Read-only told you of the current leaving the metal tower it hit and arcing thru the air despite fact it could have continued down a 2cm copper rod driven 20 feet into the ground with out jumping thru any air. I told you of lightning curling around a strong metal guy wire, which was also very very well anchored in the ground.

Again: Lightning is a 5 ton gorilla that does what it wants to do, not what a DC current would do, or what you wish it would do. Circuit inductance, which you ignore, usually determines the current's least impedance path for pulses as short in duration as lightning. Your DC analysis is nonsense.

SUMMARY Again you show you are totally ignorant about the subject you are posting about - good luck with the patent office. They don't like fools wasting their time. Probably even the secretary can circular file your application if it reflects the same level of understanding you show here in posts.

Last edited by a moderator:
Yes there is good chance the lightning will strike top of your collector but zero chance any of its current will flow thru the two resister chain, you call R1 & R2.

Then you are necessarily saying that in the millisecond after the bolt hits the top of the collector, the two resistors will have more resistance to a ground than any other path, including the air, and that is what I find so confusing.
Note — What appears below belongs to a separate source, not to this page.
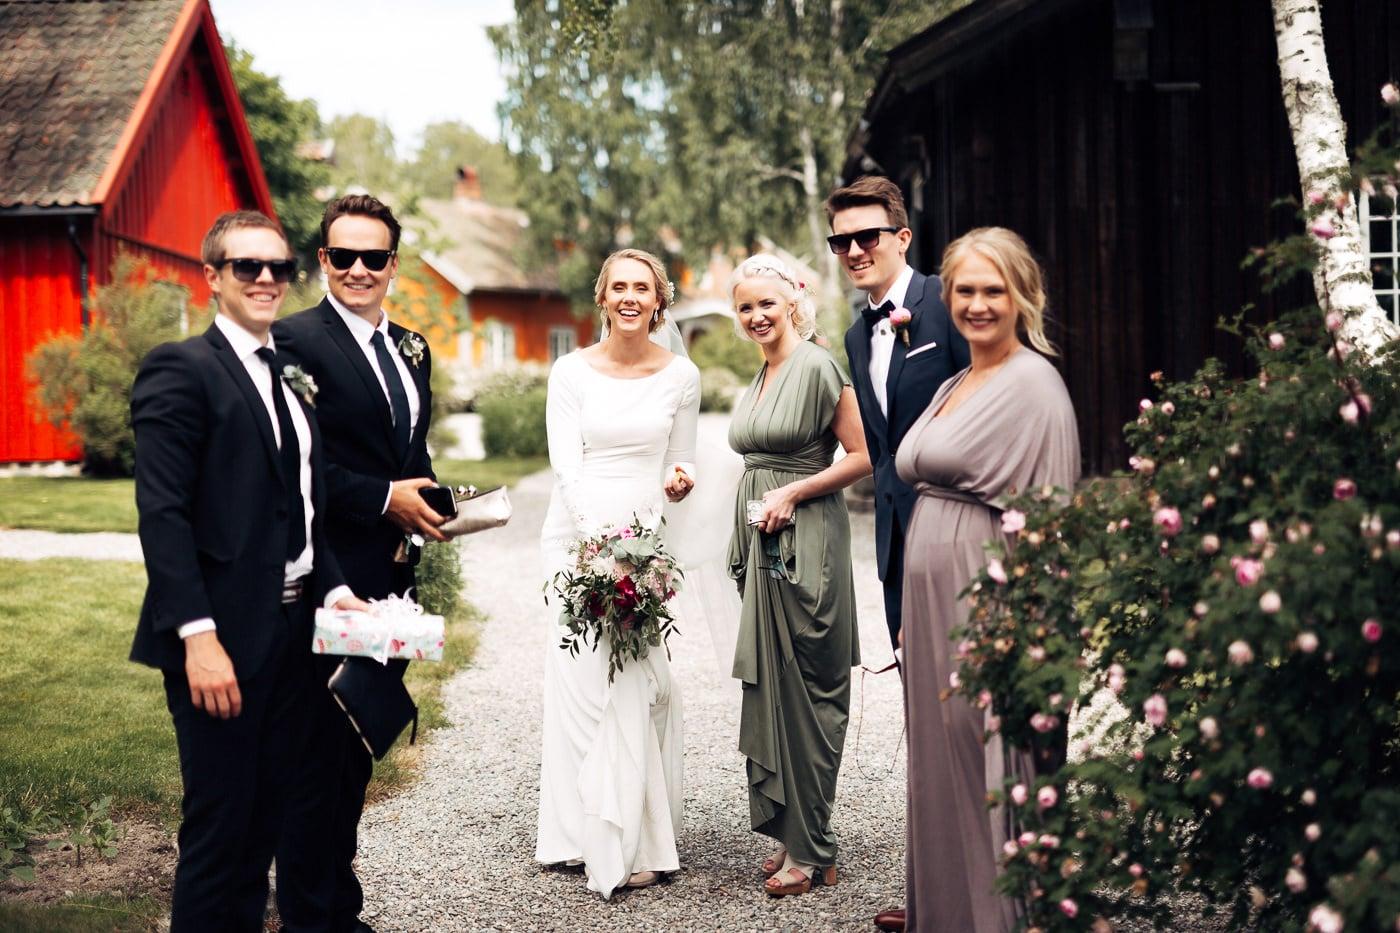 Karoline & Andreas - bryllup i Østfold med magiske detaljer Bryllup Fredrikstad Fotograf 42

The only ionized channel that exists at that moment is the one from the cloud to the top of the collector, aka lightning rod. Air, even moisture-rich air, commonly found at the site of an electrical storm, still has quite a bit of resistance. I'm not aware of any measurements of the resistance of air, but I do know that clouds cannot discharge their stored voltage until they've built up a charge of hundreds of millions of volts. This is necessary to overcome the resistance of the miles of air, sometimes even moisture-rich air, that separate the clouds from the potentially conductive spots on the ground that you and I sometimes call people, buildings, and trees.
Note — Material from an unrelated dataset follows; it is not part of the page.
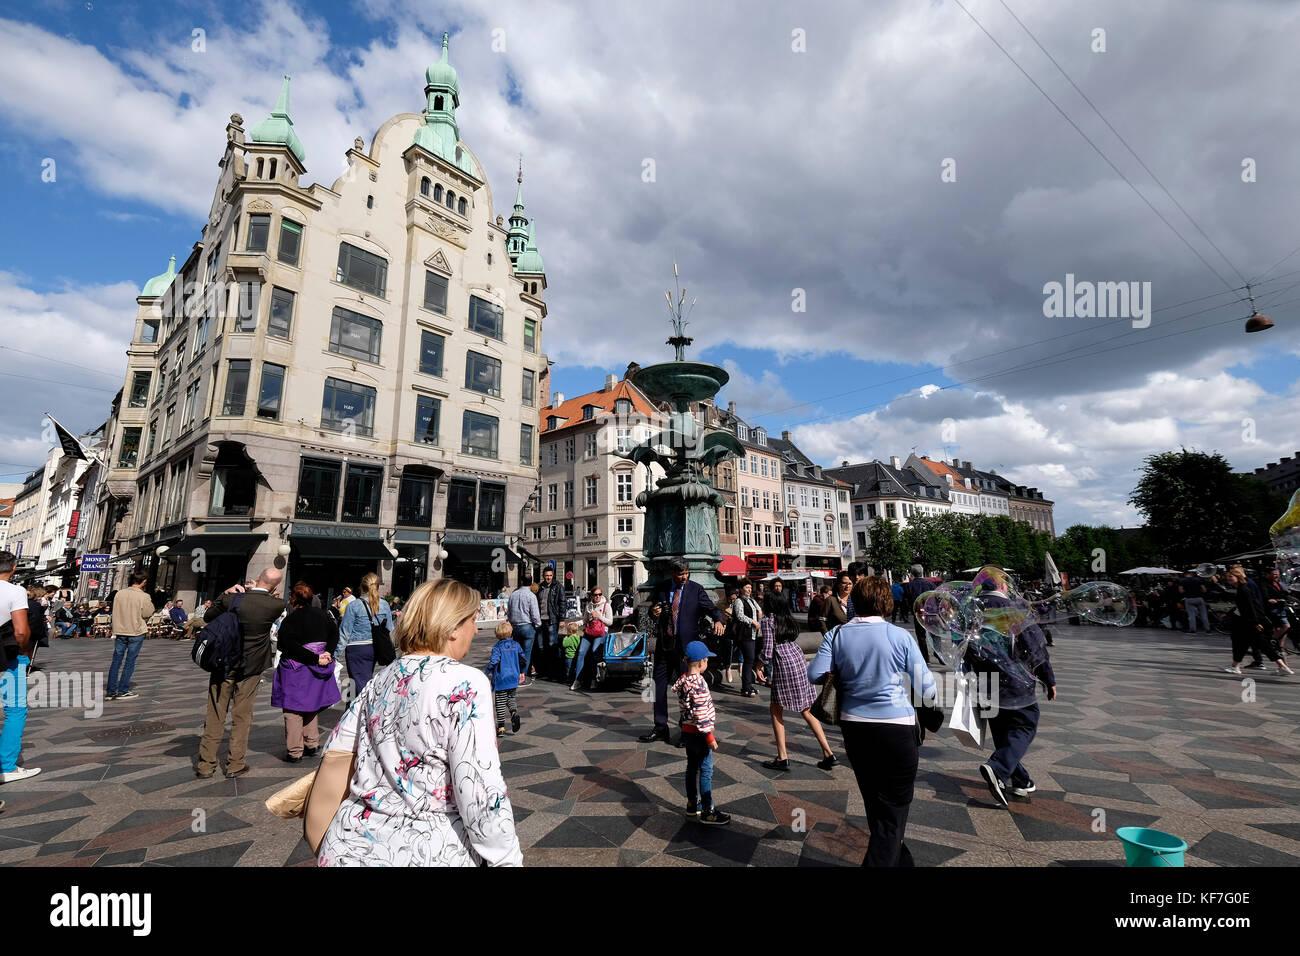 Denmark, Copenhagen, Stroget, Pedestrian street, Amagertorv - Stock Image

Then you are necessarily saying that in the millisecond after the bolt hits the top of the collector, the two resistors will have more resistance to a ground than any other path, including the air, and that is what I find so confusing. ...
That is because you have little understanding that it is the high IMPEDANCE at typical lightning frequencies (~10^6 Hz) of the resistors and the network of conductors leading to your physically large (covering more than 1000 square meters) condenser bank array. The impedance of a pre-ionized (by the bolt's flash of UV) much shorter air path to ground is much lower, so that is where and how the lightning current gets to ground. As I thought you would better be able to understand a numerical example, I did crude calculation for you showing that Z^2 was about 3500 times greater than your (R2)^2, I.e. the impedance at lightning frequencies is about 60 times larger than R2's 100 ohms - your DC thinking is useless nonsense.

I don't know which condensers you plan to use but probably they are about half a meter tall - That length is easy for lightning to jump and it will.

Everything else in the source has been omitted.